Kaštel Staris a settlement within the town of Kaštela in Dalmatia, Croatia.

Its name means Old Castle, this came from a nobleman from Trogir, Koriolan Cipiko, writer, humanist and military leader who built a mansion in 1476 which it is believed to have led to current name.

== History ==
History of the fortified village can be traced back to the fall of Bosnia in 1463, Dalmatia, which was at the time part of the Venetian Republic, faced danger from the Ottoman invaders. Following the fall of the fort at Klis in 1537 Kastela was exposed to frequent incursions. From the 15th century to 17th century local landowners, and noblemen established a series of fortified villages of which seven remain today.
The historic core of Kastel Stari is made of three forts and a fortified village (citadel and fortified village Cippico, tower Celio-Cega and fortified Andreis house). Citadel Cippico was built on a rock in 1481 by Koriolan Cippico, a nobleman, humanist and warrior from Trogir. In 1507 he fortified land to the north by building defensive walls with towers on the corners in order to protect the houses of his farmers. Along with the lateral walls and streams as a defensive barrier.
Following the end of the dangers the village spread outside of the walls and the area in front of the citadel was filled in on the side of the bridge. This is how Brce developed a village square with a flagpole column and well with drinking water. Along the eastern wall of the village was the Cippico family garden, on the northern side of the village stood a dyery. The baroque Chapel of St Joseph, which Lelije Cippico built in 1695 as a family chapel stands inside the village. Outside the fortified village of Koriolan Cippico, in front of its western gate stood the Parish Church of St John the Baptist built in 16th century which now has a church built in the 18th century. A new parish church (Our Lady of the Rosary)which began construction in 1871 is now at the northwest of the fortified village.
West of the fortified village on the rocks two more forts were built:citadel Celio-Cega preserved until the present and the citadel of the Andreis family, nowadays hardly visible in the sea.

Local Interest

The Parish Church Our Lady of Rosary is one of the largest in Central Dalmatia. Constructed as a nave basilica it has a marble interior stretching 400m. The town also hosts (along with other towns in the area) a Carnival in February and during July and August the 'Kastela Cultural Summer Carnival' which includes exhibitions, music, sports and other events.
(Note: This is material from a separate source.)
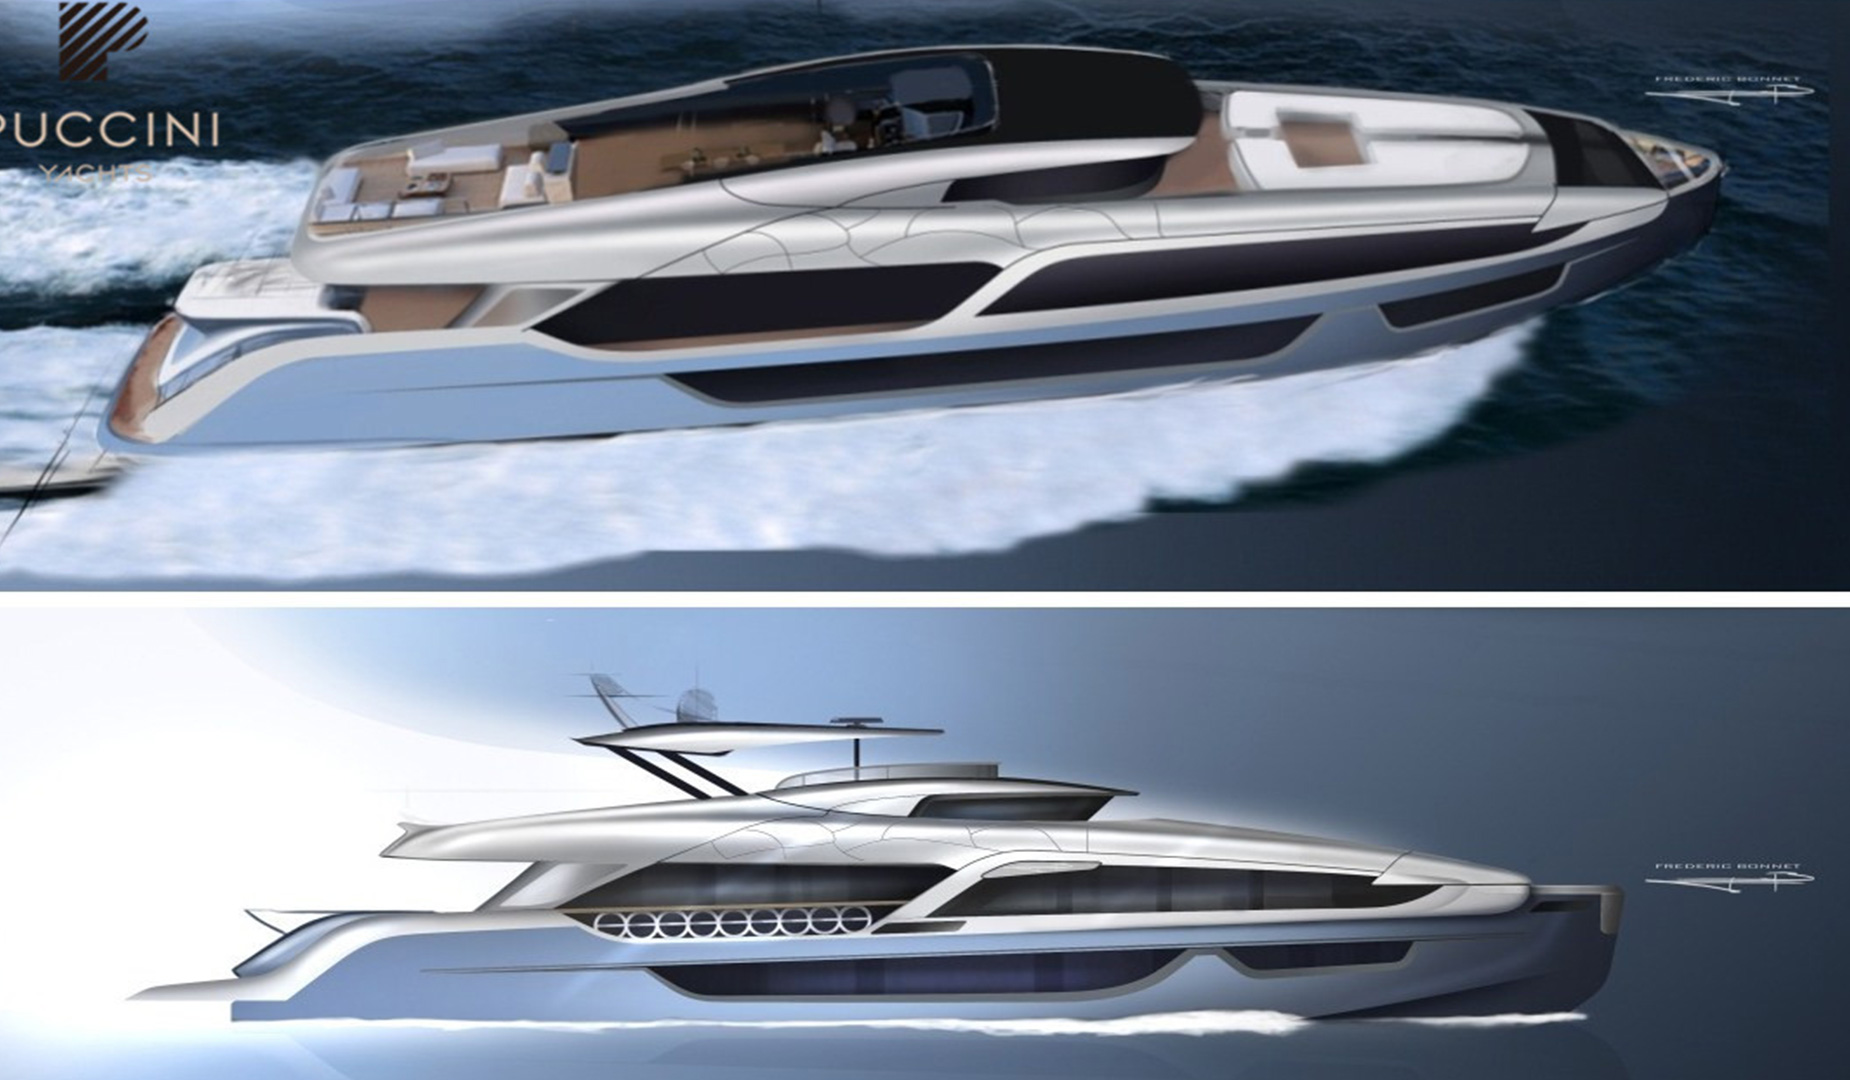 Puccini Yacht 110 Exterior
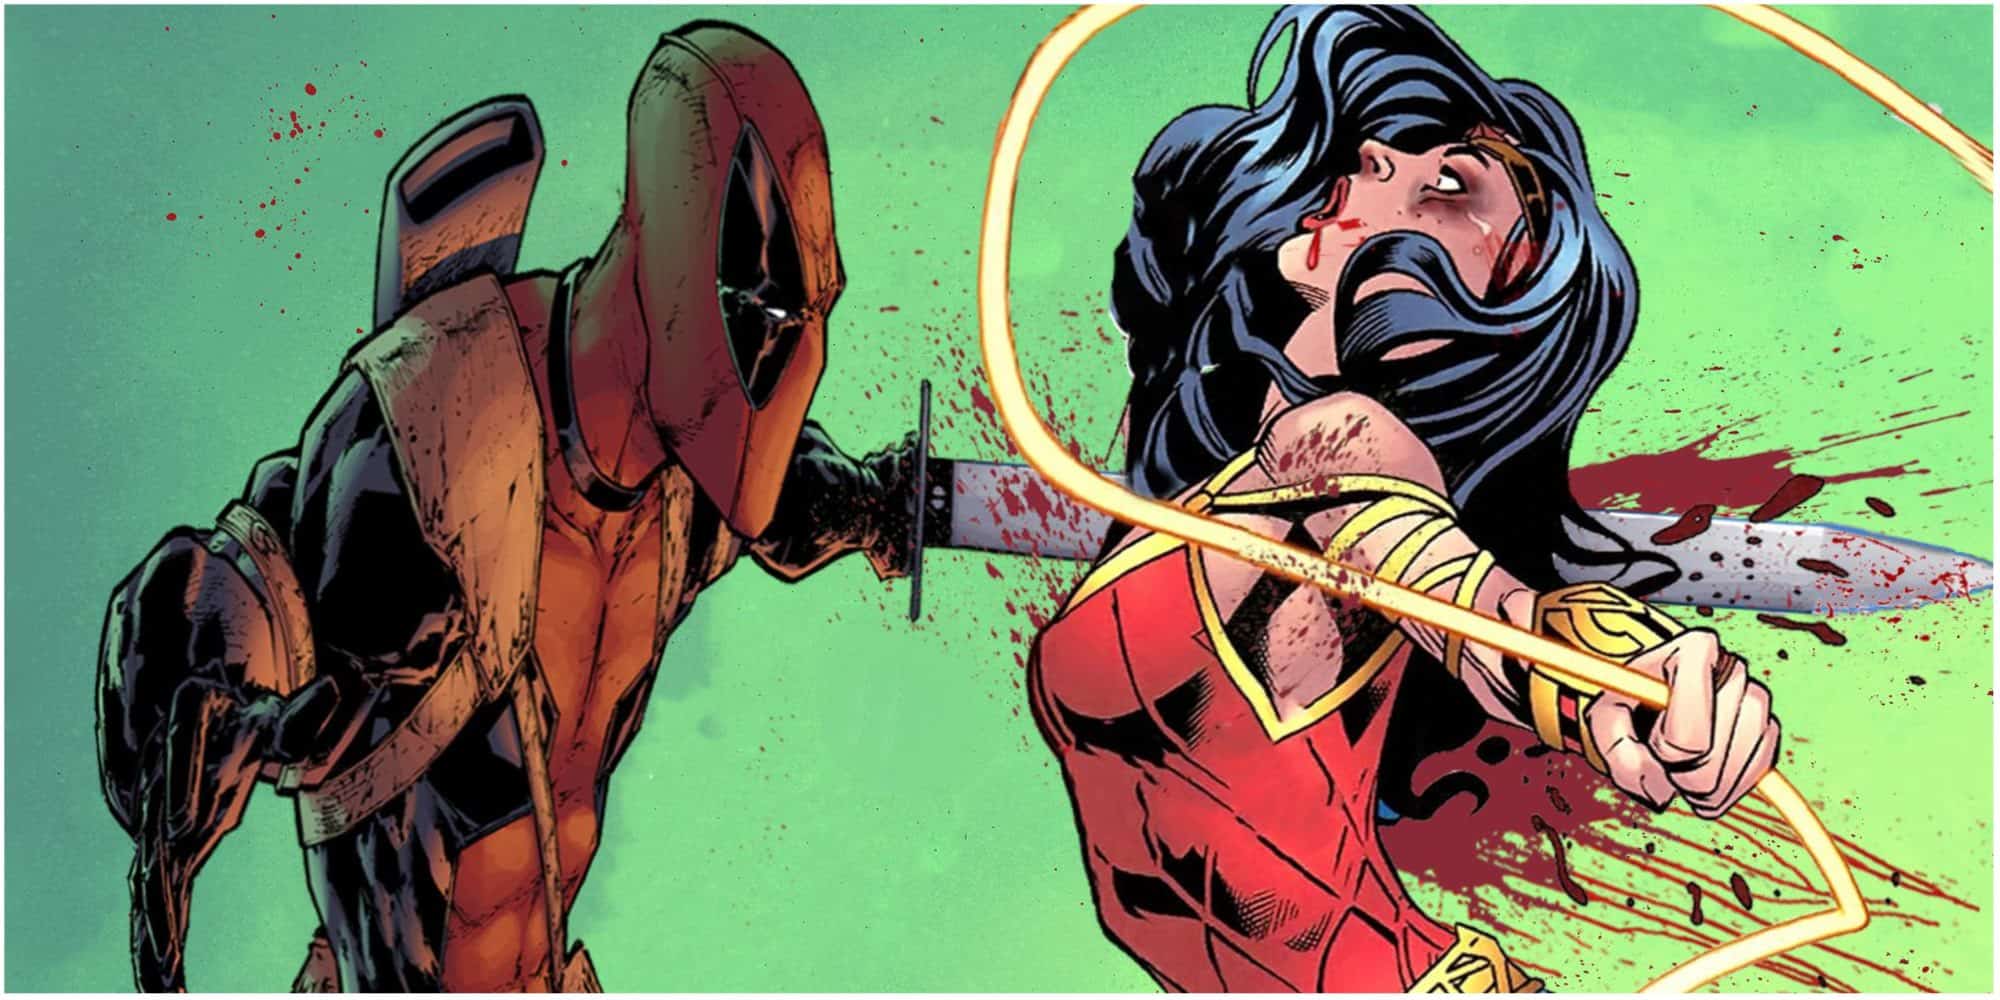 30 Characters Who Can Beat Deadpool - Wonder Woman

There are a range of restaurants offering local and traditional dishes, there are also a range of apartments available to visitors during the summer.

The village has a daily market during the year selling local produce, flowers etc. in the 'Brce' (Square) and also hosts several festivals during the summer in the square or on the 'Riva' (Port side). These include the Fishermen's party in July, Victory Day in August and squid fishing in October. Kastela also organises and hosts concerts featuring locals singers and musicians, comedy shows etc . The local football team (HKN Kastel Stari) play at the edge of the village.

In January 2020 work commenced on a new marina and improvements to the Riva, the work is expected to continue through to the autumn of 2021.